I would suggest to disable it completely because:
1) It looks questionable
2) It complicates code
3) It does not work with Nested schemas inside other containers (e.g. fields.List)
Quick comment from my side, since this issue currently has the status "Feedback welcome": I agree with @chekunkov and @maximkulkin that the current functionality is very surprising/weird. I was expecting mm.fields.Nested(SomeSchema, many=True, required=True) to give me strict feedback when that field was missing completely. Instead I get error messages about missing data within the list, even though nothing was provided at all for that field.
I would strongly prefer if the change from #235 was reverted back to the old, simple behavior (or at least that should be the default behavior). Marshmallow shouldn't try to be too clever in what it does. If people want this advanced functionality, it should be on an opt-in basis.
In general, I think a good approach for the API-design of a validation-library should be to favor strictness and simplicity over convenience. Don't do any nested validation of data that doesn't even exist.
I'm running into a few issues with Marshmallow, as I don't see any way to make a field required, even if it's length can be zero.
I have a bulk request, and a valid bulk request is a request with no operations. However, there is no way I can express this in Marshmallow.
As a workaround I've created a new Nested class:
class NestedAllowEmpty(fields.Nested):
def _validate_missing(self, value):
if value is missing and getattr(self, 'required', False):
self.fail('required')
if len(value) > 0:
return super()._validate_missing(value)
Please reconsider the default behavior.
I was just caught by this while working on https://github.com/marshmallow-code/marshmallow/issues/378 and I also think current behaviour is surprising and this change should be reverted.
I disagree with the rationale presented in https://github.com/marshmallow-code/marshmallow/issues/319#issuecomment-166770421. There are ways to document an API, for instance using apispec to generate an OpenAPI doc. I can't really picture my clients using this trial and error approach to learn what data is required. (OK, in fact, I'm pretty sure that's what they do, we all do... But this is wrong.) The error message is not meant to document the API. We don't expect the clients to send garbage just to get an error message specifying what the server expects. Besides, for those using the trial and error approach, reverting this change will just make it a few more steps.
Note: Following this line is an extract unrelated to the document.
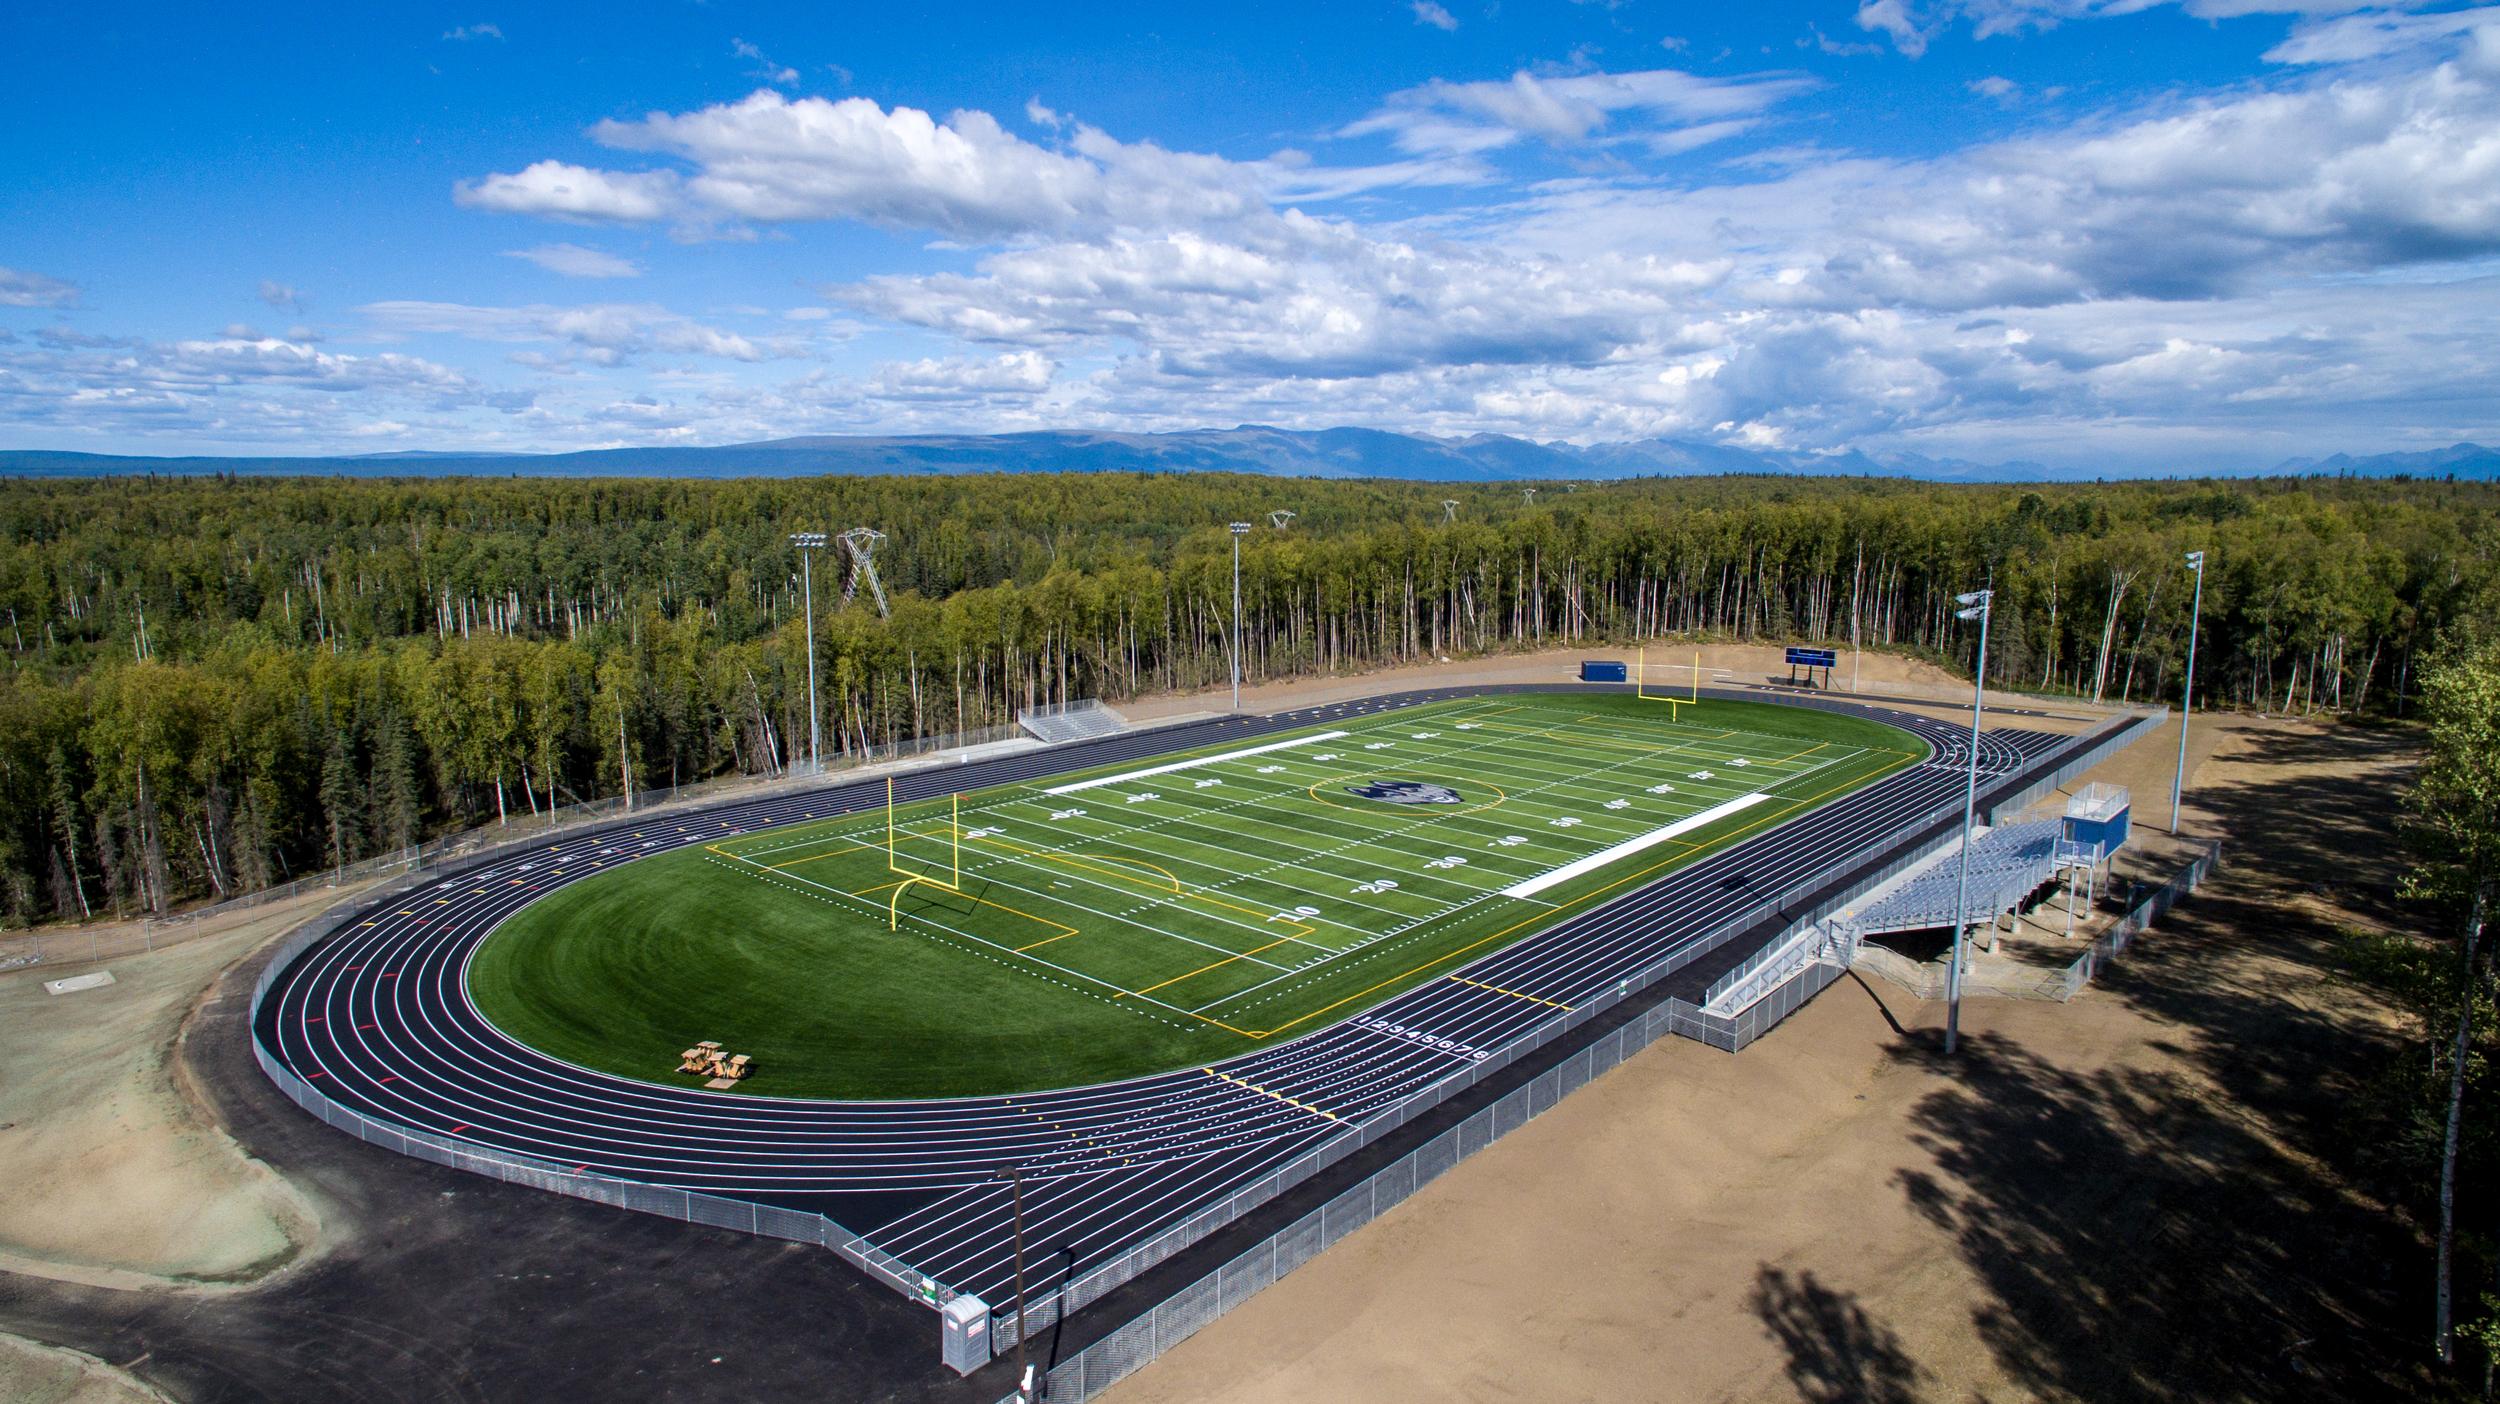 131023 - Redington SR JR-SR High School - aerial-4.jpg

I'd like to change this in v3.0. Any objection?
To be explicit, I'm talking about case 1 in OP. Regarding case 2, I agree with @sloria's answer, this is the right behaviour.
I just proposed a PR that removes the feature: #754.
I agree with @lafrech 's analysis above. Thanks for the PR. Let's make it so.
Most helpful comment
I was just caught by this while working on https://github.com/marshmallow-code/marshmallow/issues/378 and I also think current behaviour is surprising and this change should be reverted.
I disagree with the rationale presented in https://github.com/marshmallow-code/marshmallow/issues/319#issuecomment-166770421. There are ways to document an API, for instance using apispec to generate an OpenAPI doc. I can't really picture my clients using this trial and error approach to learn what data is required. (OK, in fact, I'm pretty sure that's what they do, we all do... But this is wrong.) The error message is not meant to document the API. We don't expect the clients to send garbage just to get an error message specifying what the server expects. Besides, for those using the trial and error approach, reverting this change will just make it a few more steps.
I'd like to change this in v3.0. Any objection?
To be explicit, I'm talking about case 1 in OP. Regarding case 2, I agree with @sloria's answer, this is the right behaviour.